Automatic Music Transcription (AMT) is a task that detects and recognizes musical note events from a given audio recording. In this paper, we focus on reducing the latency of real-time AMT systems on piano music. Although neural AMT models have been adapted for real-time piano transcription, they suffer from high latency, which hinders their usefulness in interactive scenarios.

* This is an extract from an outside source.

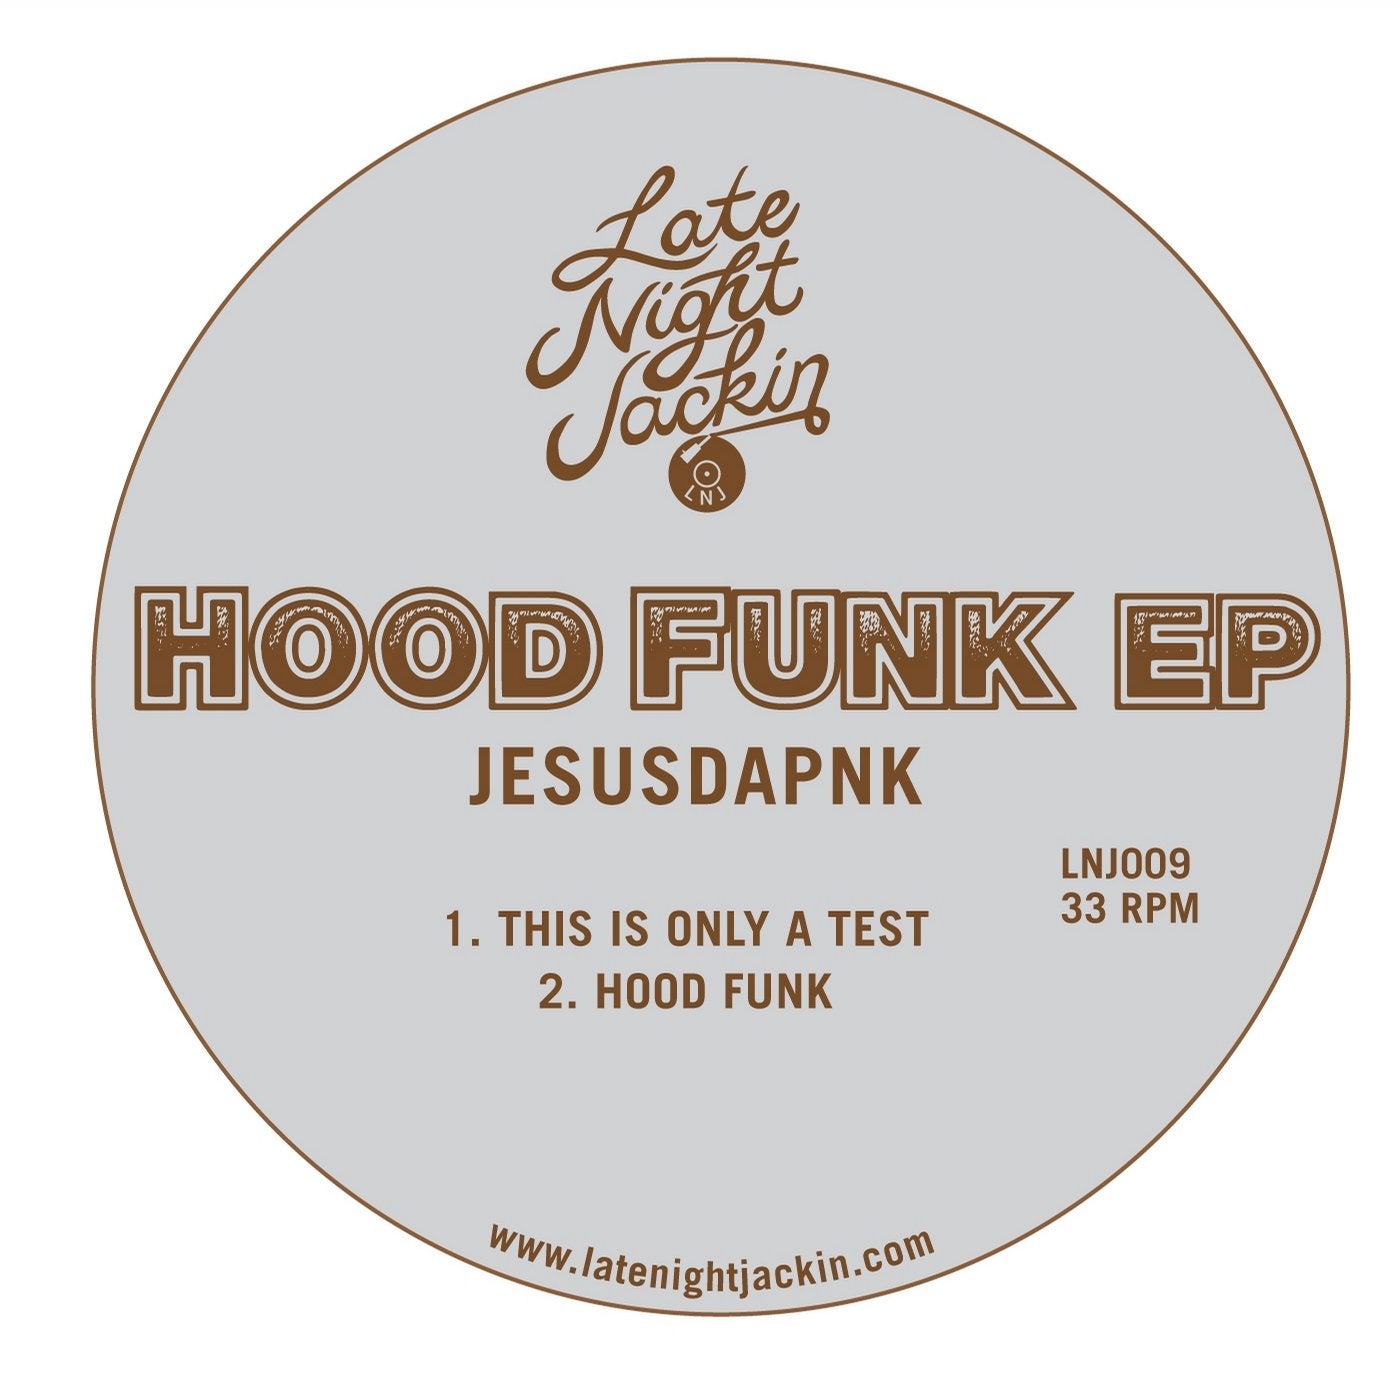 Hood Funk EP

To tackle this issue, we explore several techniques for reducing the intrinsic latency of a neural network for piano transcription, including reducing window and hop sizes of Fast Fourier Transformation (FFT), modifying convolutional layer's kernel size, and shifting the label in the time-axis to train the model to predict onset earlier. Our experiments demonstrate that combining these approaches can lower latency while maintaining high transcription accuracy. Specifically, our modified model achieved note F1 scores of 92.67 % and 90.51 % with latencies of 96 ms and 64 ms, respectively, compared to the baseline model's note F1 score of 93.43 % with a latency of 160 ms. This methodology has potential for training AMT models for various interactive scenarios, including providing real-time feedback for piano education.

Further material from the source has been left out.